如何从Windows-1252文件读取®字符并将其写入UTF-8文件

Question

I have an input file in Windows-1252 encoding that contains the '®' character. 我有Windows-1252编码的输入文件，其中包含'®'字符。 I need to write this character to a UTF-8 file. 我需要将此字符写入UTF-8文件。 Also assume I must use Python 2.7. 还要假设我必须使用Python 2.7。 Seems easy enough, but I keep getting UnicodeDecodeErrors. 似乎很容易，但我一直收到UnicodeDecodeErrors。

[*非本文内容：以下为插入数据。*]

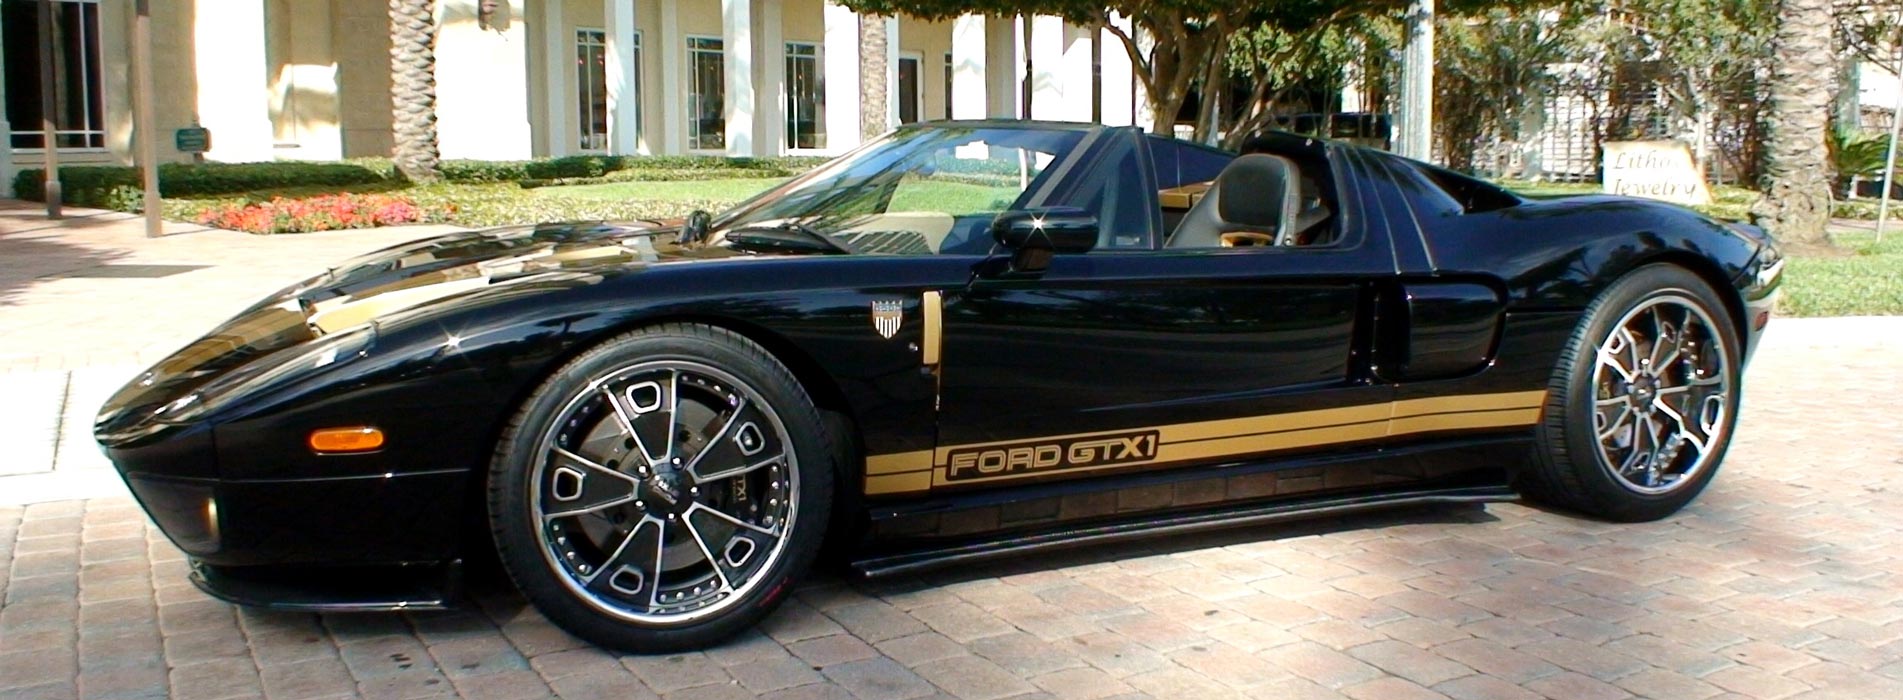 Black Ford GTX-1 with gold racing strips on bottom panel
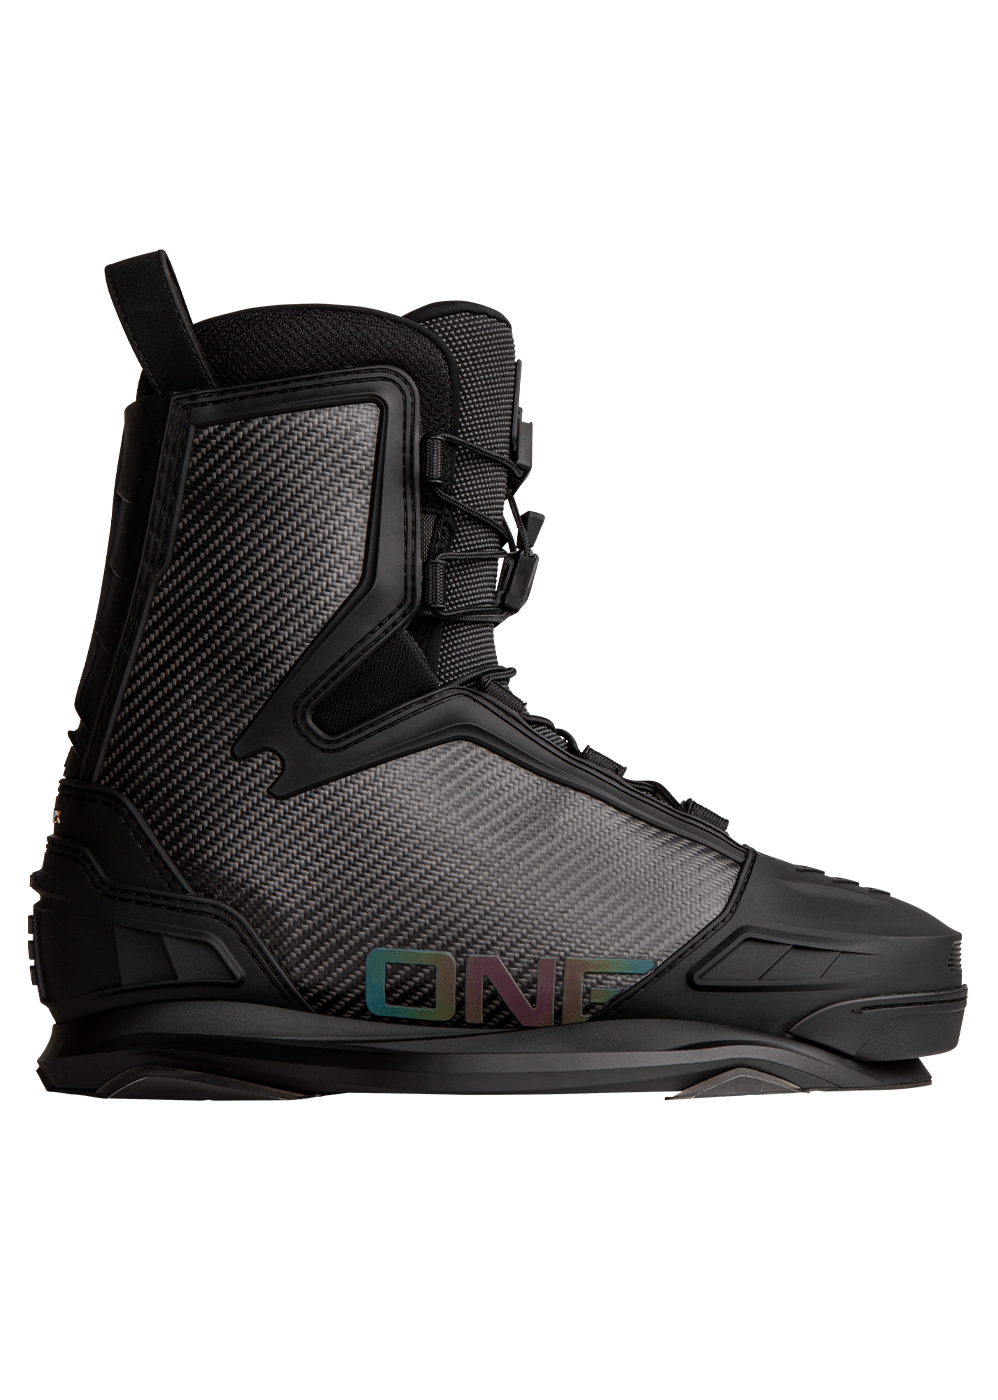 Ronix Boots | One Boots | Carbitex - Intuition+ | Ronix Wakeboards

I originally had just opened the original file using codecs.open() with UTF-8 encoding, which worked fine for all of the ASCII characters until it encountered the ® symbol, whereupon it choked with the error: 我最初只是使用带有UTF-8编码的codecs.open()打开了原始文件，该文件对于所有ASCII字符都可以正常工作，直到遇到®符号，随后它因错误而阻塞：

UnicodeDecodeError: 'utf8' codec can't decode byte 0xae in position 2867043: 
invalid start byte

I knew that I would have to properly decode it as cp1252 to fix this problem, so I opened it in the proper encoding and then encoded the data as UTF-8 prior to writing. 我知道我必须将其正确解码为cp1252才能解决此问题，因此我以正确的编码将其打开，然后在写入之前将数据编码为UTF-8。 But that produced a new error: 但这产生了一个新的错误：

UnicodeDecodeError: 'ascii' codec can't decode byte 0xc2 in position 22: 
ordinal not in range(128)

Here is a minimum working example: 这是一个最小的工作示例：

with codecs.open('in.txt', mode='rb', encoding='cp1252') as inf:
    with codecs.open('out.txt', mode='wb', encoding='utf-8') as of:
        for line in inf:
            of.write(line.encode('utf-8'))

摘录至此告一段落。